A Fact-Check for the Four-Color World

Friday, August 18, 2006

Daredevil: Matt Murdock, Felon

Daredevil: The Director's Cut

**SPOILERS**

There was at least one other scene of legal note in Daredevil, and it's one that has absolutely nothing to do with the Theatrical Cut. During Dante Jackson's trial, the prosecution questions Officer McKensie, who found Jackson with the murder weapon. Matt listens to the man's heartbeat, and determines he's telling the truth. (Matt apparently prides himself quite highly on being a human lie detector, believing it's impossible the guy could be lying.)

Later in the movie, Matt confronts Officer McKensie outside a strip club. And he does it not as Daredevil, but as Matt Murdock. Who McKensie immediately recognizes from the courtroom.

And what does Matt do to McKensie? He pushes him a bit, then handcuffs him to the inside of his car. Matt then gets behind the wheel and, while pressing McKensie for information, intentionally drives the vehicle into a taxi and a dumpster in the lot. The final impact throws McKensie's head into the dashboard, bruising him and knocking him out. Matt jumps out of the car, leaving him unconscious, and handcuffed, in the car.

Now assuming the officer doesn't have a soft spot for Matt, there's little reason why he wouldn't press charges against Matt for this. After all, there's a pretty strong likelihood Matt reported his corruption. So what crimes has Matt committed here?

- Assault.
- Assaulting a police officer.
- False imprisonment.
- 3 counts of criminal damage to property (for McKensie's car, the taxi and the dumpster).
- Battery.
- and possibly Carjacking.

Thank goodness he didn't drive out of the parking lot, or else we could add 'Kidnapping' to the list. And he did all of this as Matt Murdock. Completely plainclothes, and with a victim who knew him.

Matt's staring down the barrel of about five felonies there, with a victim who probably has little to lose by making the accusations. Surely the taxi driver, at least, would want some recompense.

And beyond the criminal charges, as well as the potential civil suits, the New York Bar Association probably doesn't look kindly upon its lawyers assaulting police officers (even corrupt ones) in their spare time.

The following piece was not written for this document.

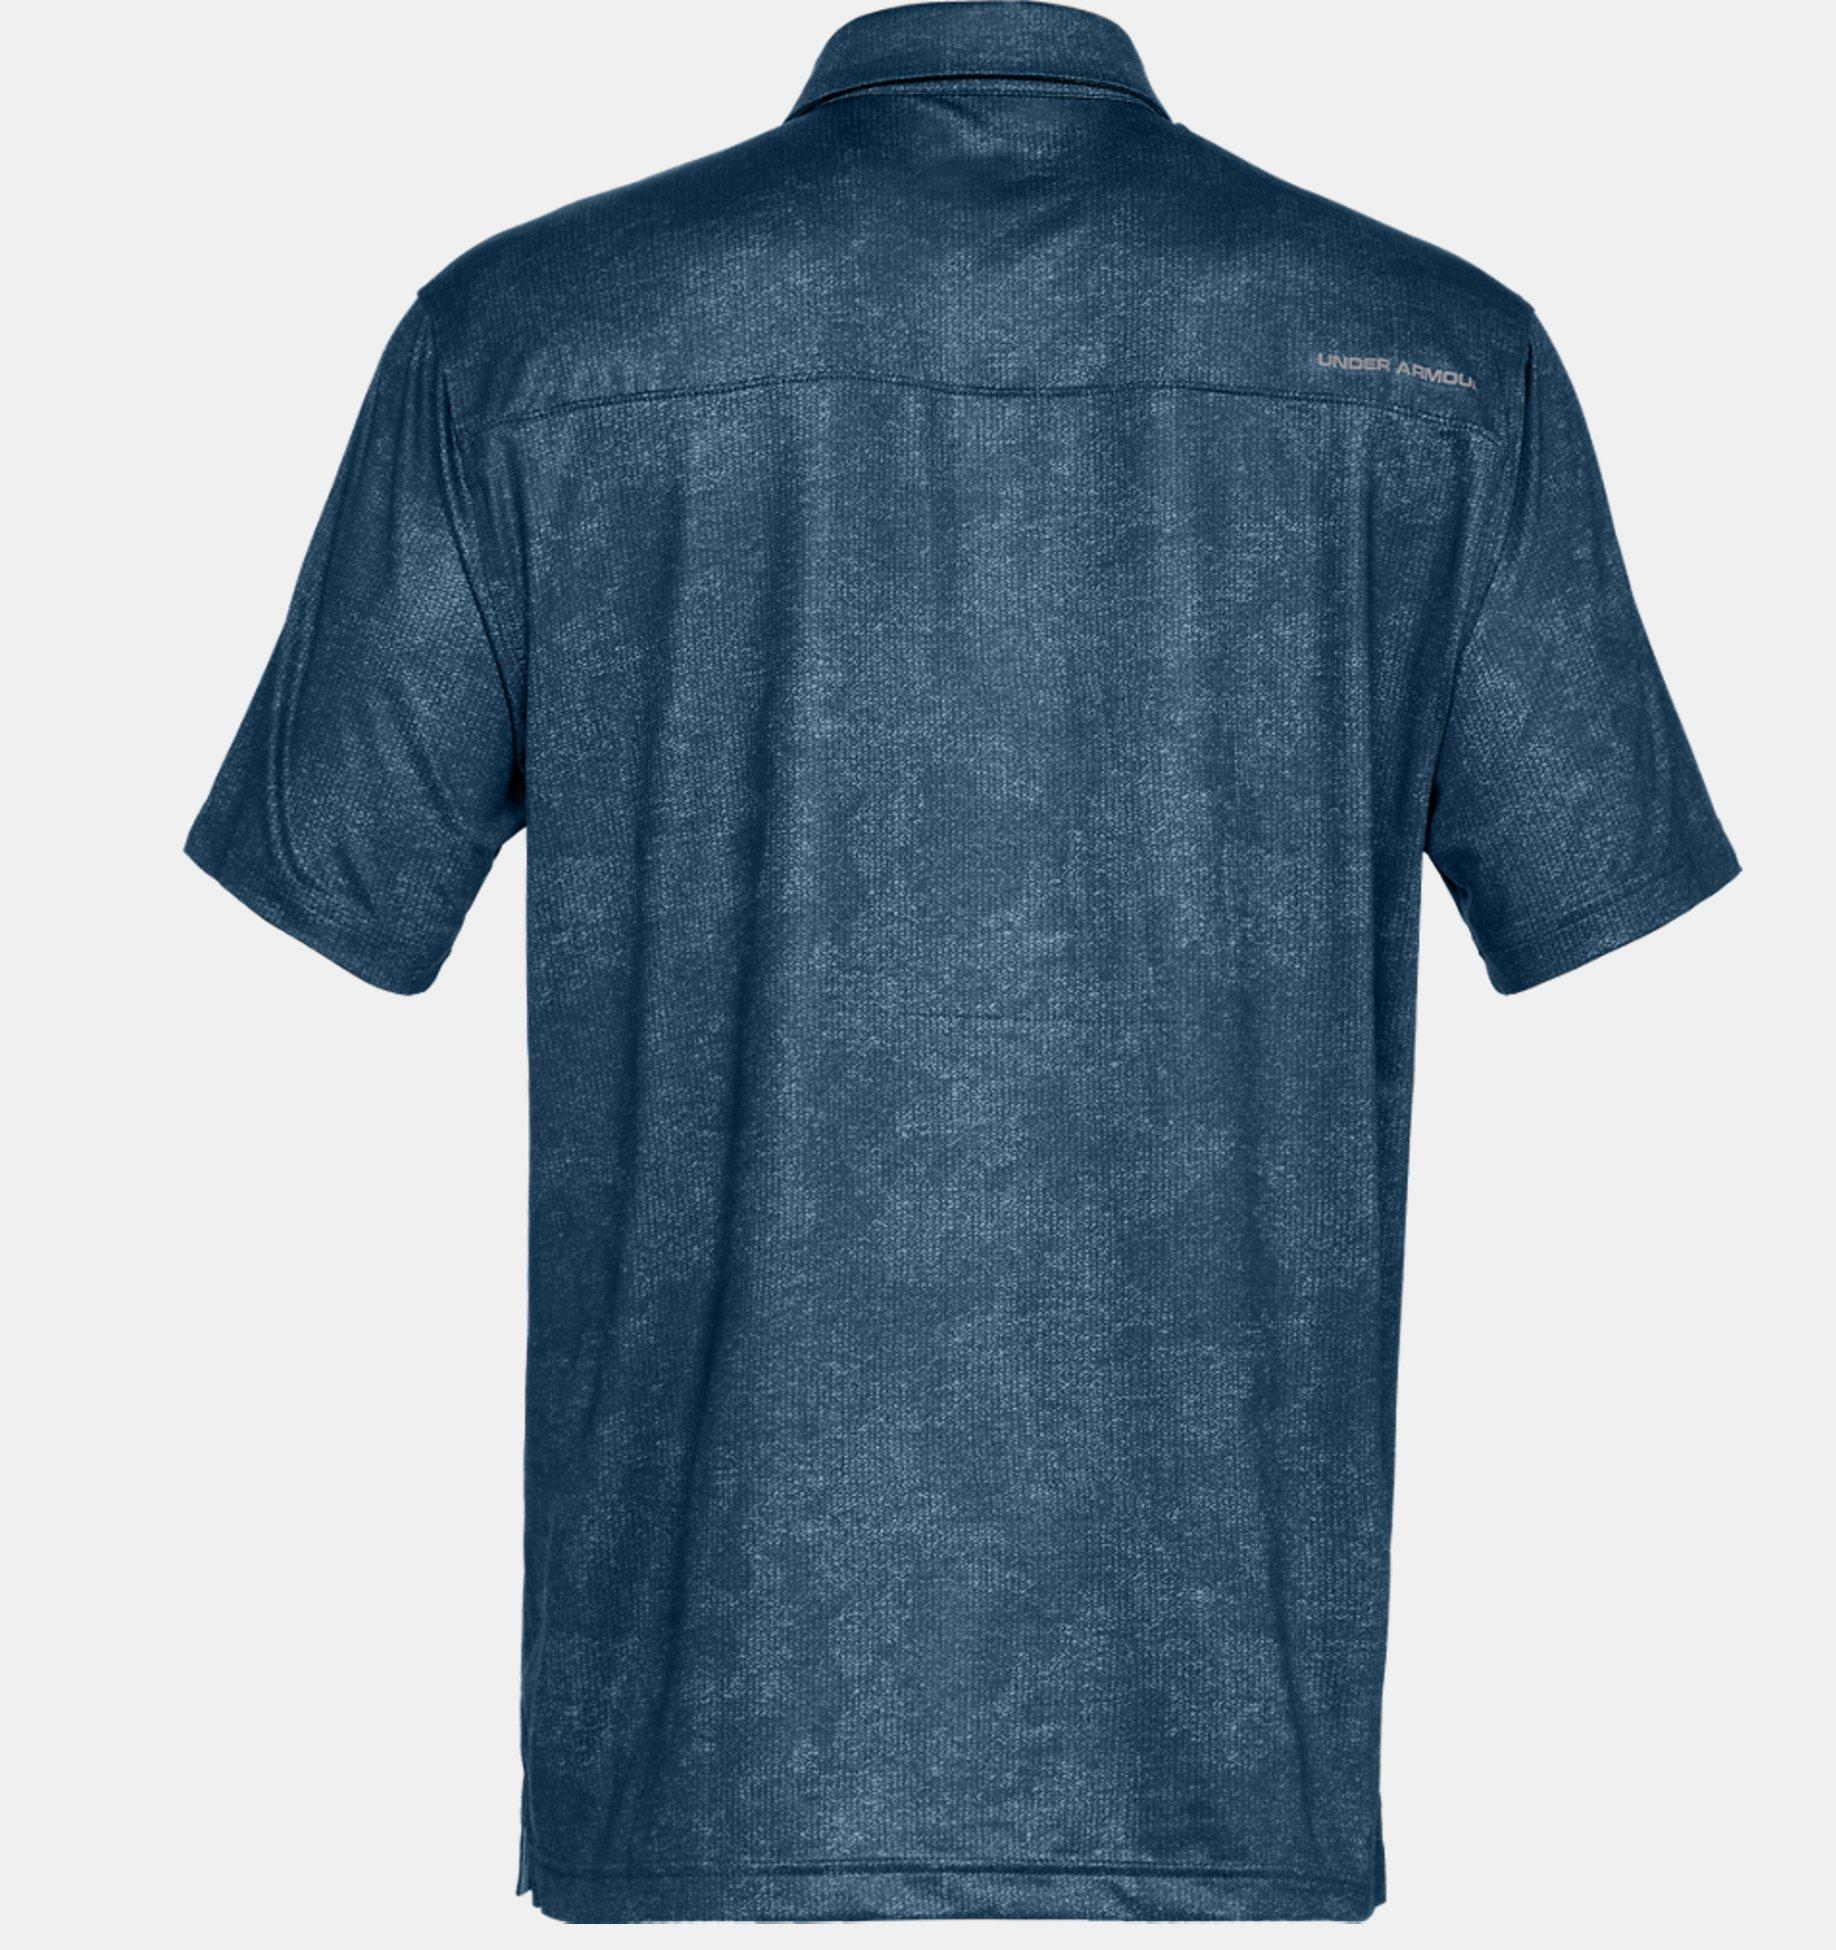 2599a9b799 Men's UA Playoff Polo Tweed | Under Armour ID

It's this sort of thing that gives "Civil War" its premise. Matt's actions here could fairly easily be grafted onto Daredevil or some other vigilante ero, and they would could then seem more palatable. But here he does it all without the benefit of a costume or a masked identity, and it ends up looking rather felonious. Yet Matt apparently gets off scot-free (just like he did for putting Quesada on the train tracks). This is what Captain America is fighting for?